VLMs and LLMs enable robots to map loosely defined instructions to a specific sequence of tasks that are within the range of the robot’s skills. And interestingly, many frontier models can accomplish such tasks without the need to be trained.

“I can take those different skills and, with these large language models, I can just string them together and reason about how I should use them,” Paxton said. “With the new visual language models like GPT-4V, we can see how these systems can come together and be useful in a wide range of applications.”

One example is GenEM, a technique developed by the University of Toronto, Google DeepMind and Hoku Labs. GenEM uses the vast social context available in large language models to create expressive behaviors for robots. GenEM uses GPT-4 to reason about the environment and determine, based on the robot’s affordances, what kind of behavior it should engage in. For example, the LLM determines that it is polite to nod to people to acknowledge their presence. It then translates this to specific actions that the robot supports, such as moving its head up and down. It does this using the vast knowledge contained in its training data as well as its in-context learning abilities, which enable it to map the actions to API calls for the robot.

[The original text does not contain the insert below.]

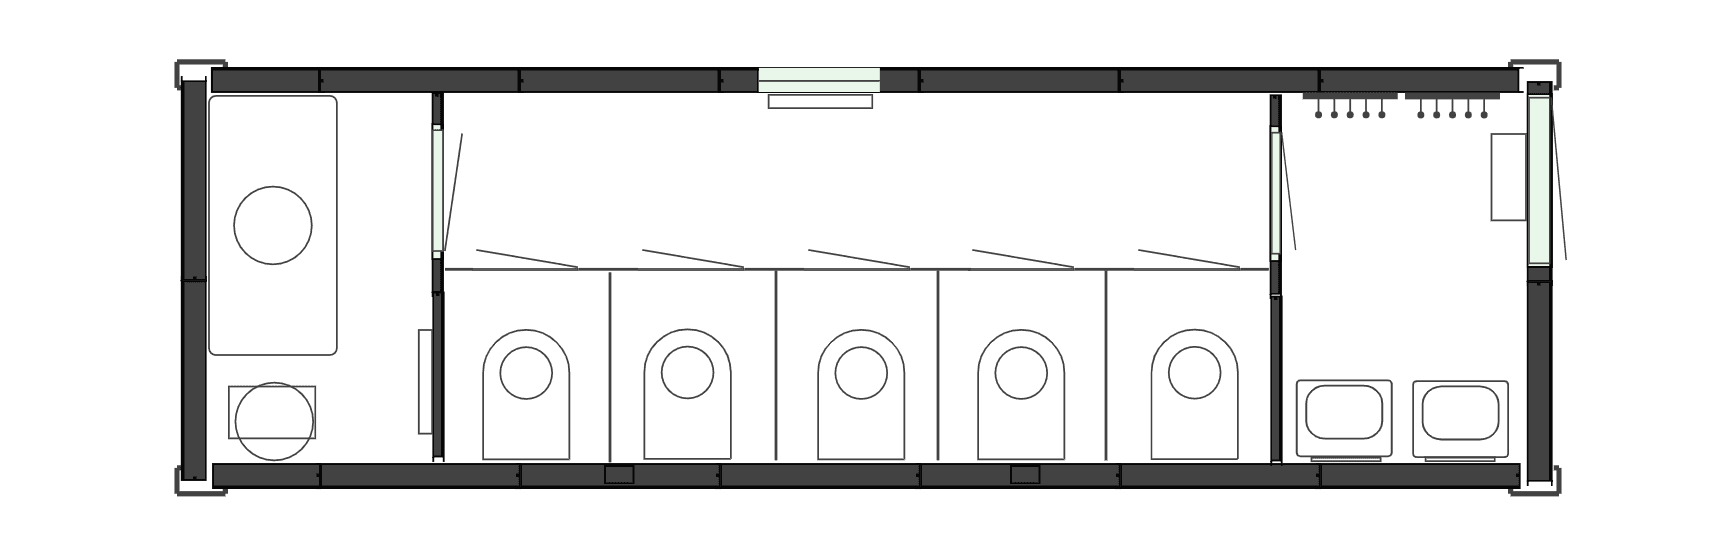 Планировочное решение - Вагон-туалет на 5 кабинок

Another project is OK-Robot, a system created by Meta and New York University, which combines VLMs with movement-planning and object-manipulation modules to perform pick-and-drop operations in environments that the robot has never seen before.

Some robotics startups are finding renewed success with the growing capabilities of language models. For example, Figure, a California-based robotics startup, recently raised $675 million to build humanoid robots powered by vision and language models. The company’s robots use OpenAI models to analyze instructions and plan their actions. 

It is important to note, however, that while LLMs and VLMs solve important problems, these robotics teams must still create the systems for primitive skills such as grasping and moving objects, avoiding obstacles, and navigating the environment.

“There’s a lot of other work that goes on at the level below that those models aren’t handling,” Paxton said. “And that’s the kind of stuff that is hard to do. And in a lot of ways, it’s because the data doesn’t exist. That’s what all these companies are building.”

Specialized foundation models

Another approach to using LLMs and VLMs is the development of specialized foundation models for robotics. These models usually build on the vast knowledge contained in pre-trained models and customize their architectures for robotic actions.

One of the most important projects in this respect was Google’s RT-2, a vision-language action (VLA) model that takes perception data and language instructions as input and directly outputs action commands to the robot. 

Google DeepMind recently created RT-X-2, a more advanced version of RT-2 that adapts to different kinds of robot morphologies and can perform tasks that were not included in its training data. And RT-Sketch, a collaboration between DeepMind and Stanford University, translates rough sketches into robot action plans.

“These are a different approach where the model is now one huge policy that can do everything,” Paxton said. “That’s another exciting direction that is based on end-to-end learning where you take a camera feed and the robot figures out most of what it needs to do.”

Foundation models for robotics have also found their way into the commercial space. In March, Covariant announced RFM-1, an 8-billion parameter transformer model trained on text, images, videos, robot actions and a range of numerical sensor readings. Covariant aims to create a foundation model that can solve many tasks for different types of robots. 

And Project GR00T, announced at Nvidia GTC, is a general-purpose foundation model that enables humanoid robots to take text, speech, videos or even live demonstrations as input and process it to take specific general actions. 

Language models still have a lot of untapped potential and will continue to help robotics researchers make progress on fundamental issues. And as LLMs continue to progress, we can expect their results to usher in innovations in robotics.